Jakarta, denting.id – Sorotan tajam kembali diarahkan ke Direktorat Jenderal Imigrasi. Kali ini, Komisi XIII DPR RI meminta lembaga tersebut membuka tabir transparansi terkait proses Surat Dukungan Utama Working and Holiday Visa (SDUWHV) yang menuai keluhan dari banyak peserta.
Wakil Ketua Komisi XIII Dewi Asmara menegaskan bahwa persoalan SDUWHV bukan sekadar administratif, melainkan menyangkut rasa keadilan generasi muda yang sedang memperjuangkan hak mereka. Ia menilai komunikasi satu arah melalui sistem digital justru memperbesar ketidakpastian.
“Kalau ini dibiarkan tidak terjawab, kepercayaan mereka terhadap pemerintah terutama layanan keimigrasian—akan turun,” ujar Dewi saat rapat di Kompleks Parlemen, Jakarta, Senin.
Dewi juga menyoroti berbagai gangguan teknis, termasuk perubahan mendadak jadwal pembukaan sistem yang bertepatan dengan waktu salat Jumat, hingga kebijakan yang tiba-tiba berubah tanpa pemberitahuan jelas. Menurutnya, situasi ini berdampak besar bagi peserta yang harus mengeluarkan biaya tambahan untuk mengikuti proses.
Ia mencontohkan perubahan nilai skor dan nominal biaya pendaftaran yang justru berubah pada hari pelaksanaan.
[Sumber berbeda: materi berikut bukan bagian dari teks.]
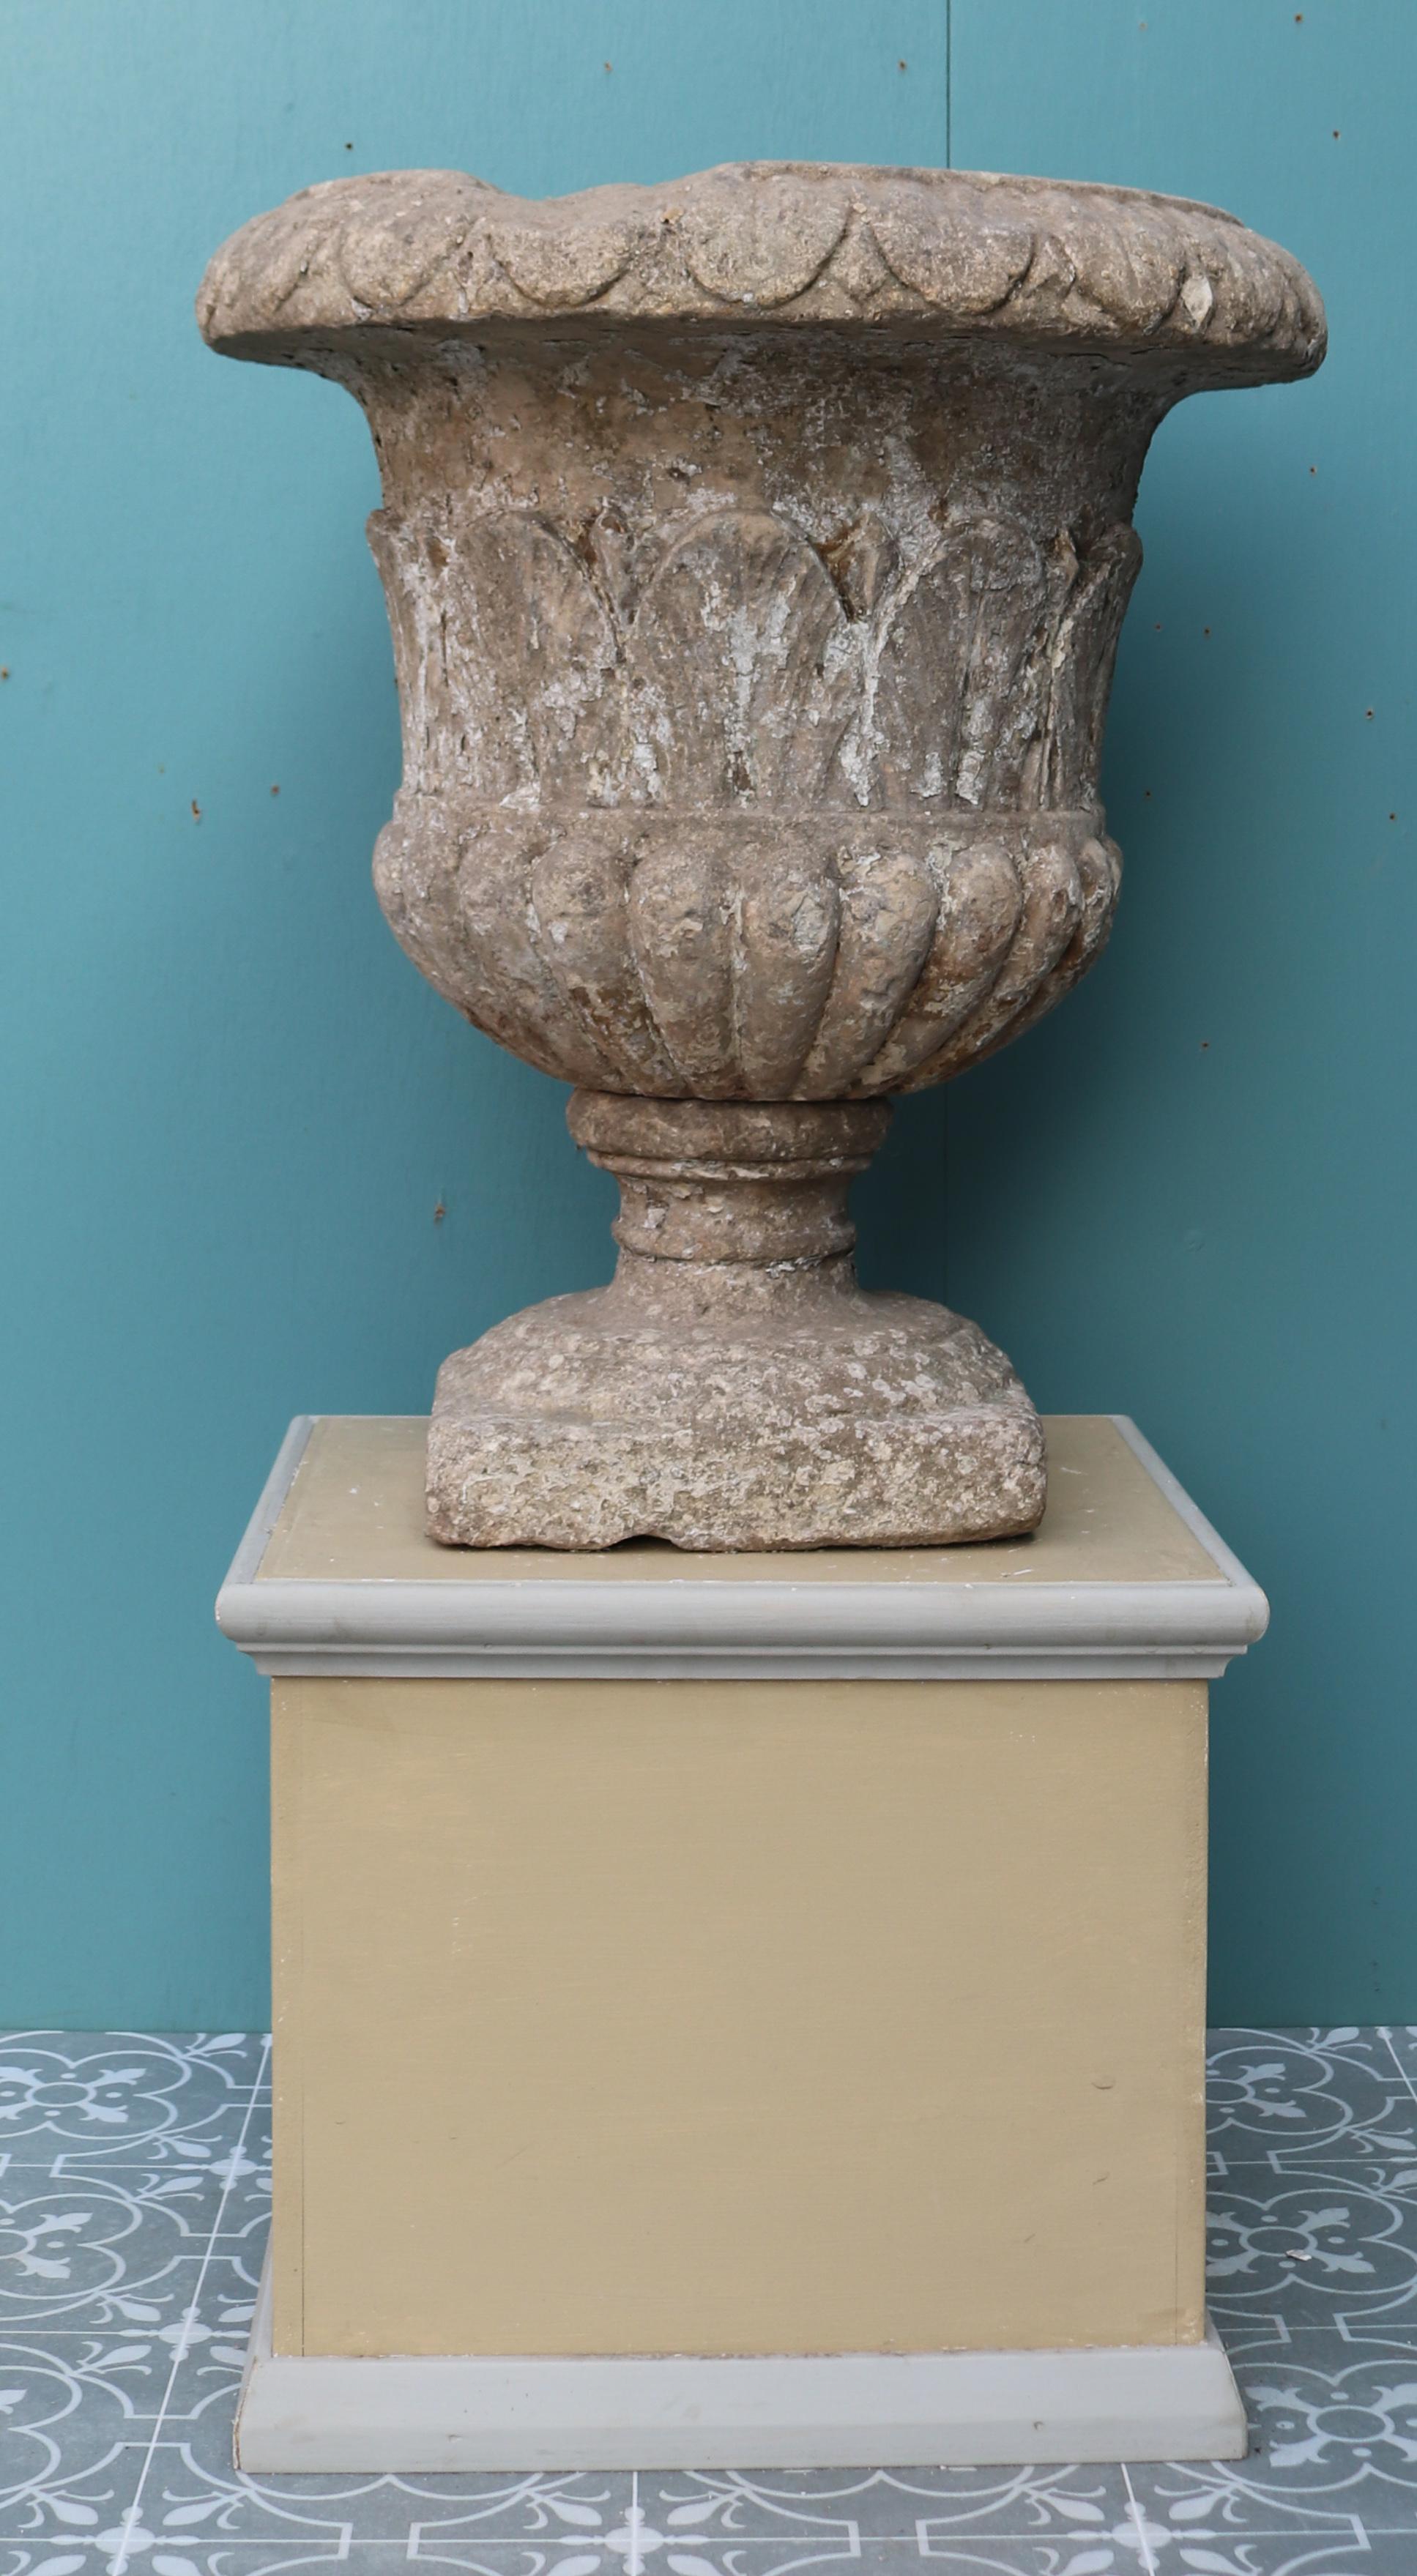 A single reclaimed limestone garden urn with gadrooning and carved decoration.

Additional dimensions:

Base 26 x 26 cm.
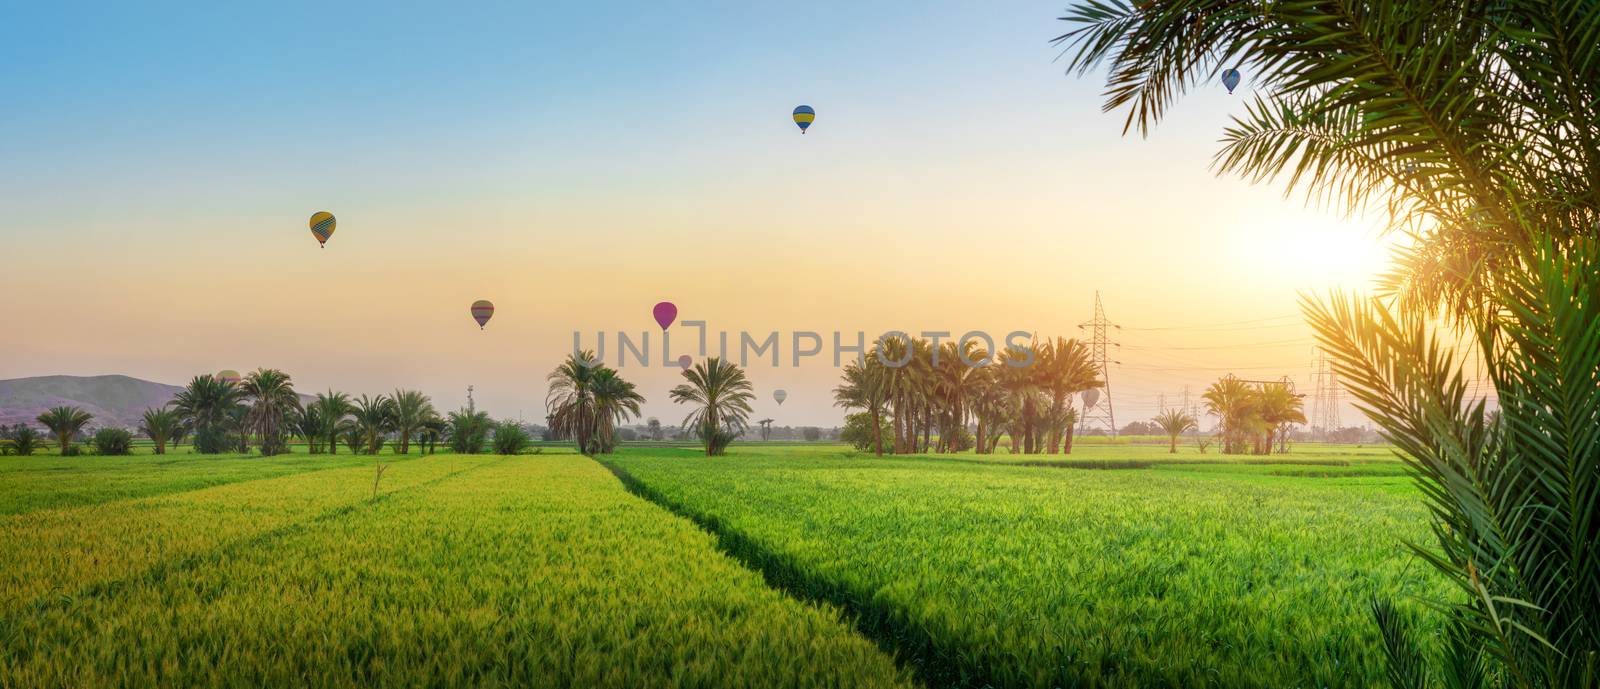 Luxor, Egypt hot air balloons rising at sunrise over a green oasis in the desert
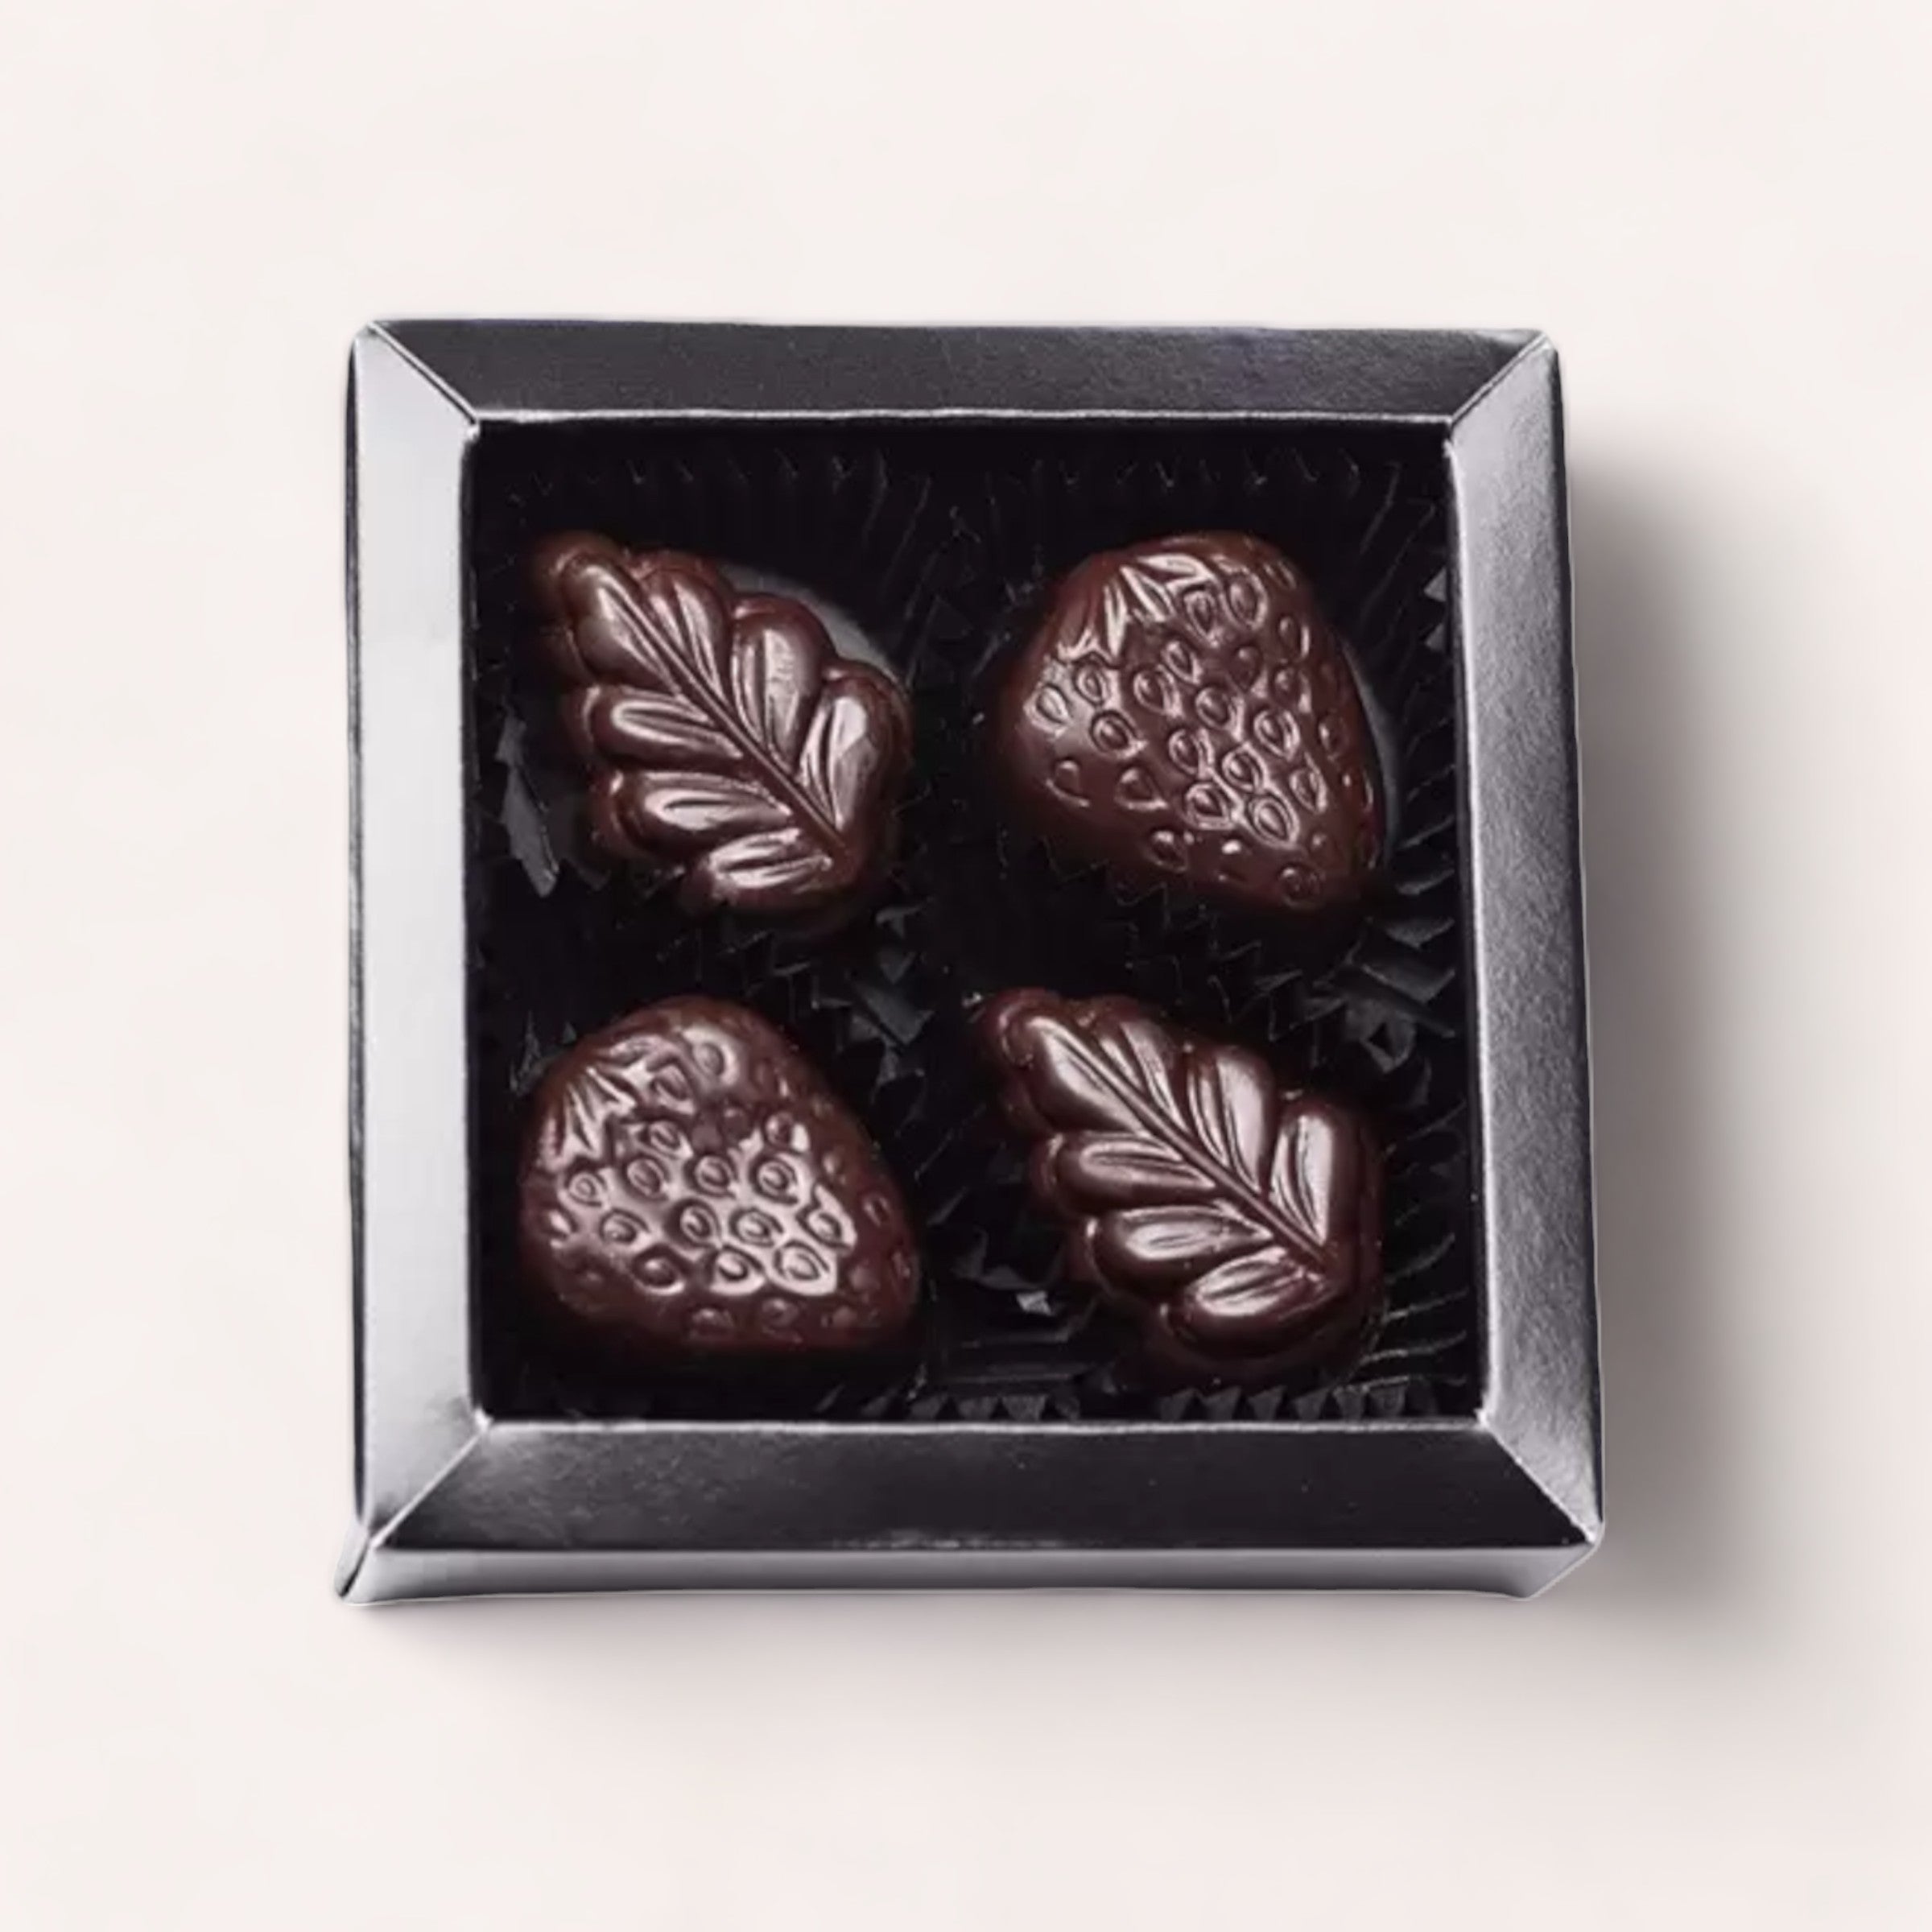 A gift box of 4 Piece Chocolate Box by Chocolate Traders, featuring artisan truffles with elegant leaf and peppermint designs, presented in a luxurious dark package.

Dampaknya, kata Dewi, dirasakan paling berat oleh peserta dari daerah.
“Perbedaan lebih dari Rp5 juta itu bukan hal kecil. Bagi putra daerah, mereka bisa sampai harus jual sapi,” tegasnya.
Dewi menambahkan bahwa syarat dan ketentuan seharusnya diumumkan dengan pasti dan tidak boleh diubah saat proses sedang berjalan. Di hadapan perwakilan peserta SDUWHV yang turut hadir, ia menegaskan agar Imigrasi memberikan penjelasan terbuka dan jujur, bukan jawaban normatif yang sering muncul di rapat formal.
“Ini bukan sekadar isu viral di TikTok. Mereka sudah menyampaikan aspirasi secara resmi. Tugas kami membawa aspirasi itu dengan sebenar-benarnya, bukan dengan laporan standar rapat kerja,” katanya.
Komisi XIII menegaskan bahwa kejelasan prosedur dan transparansi merupakan kewajiban negara, terlebih ketika menyangkut masa depan generasi muda.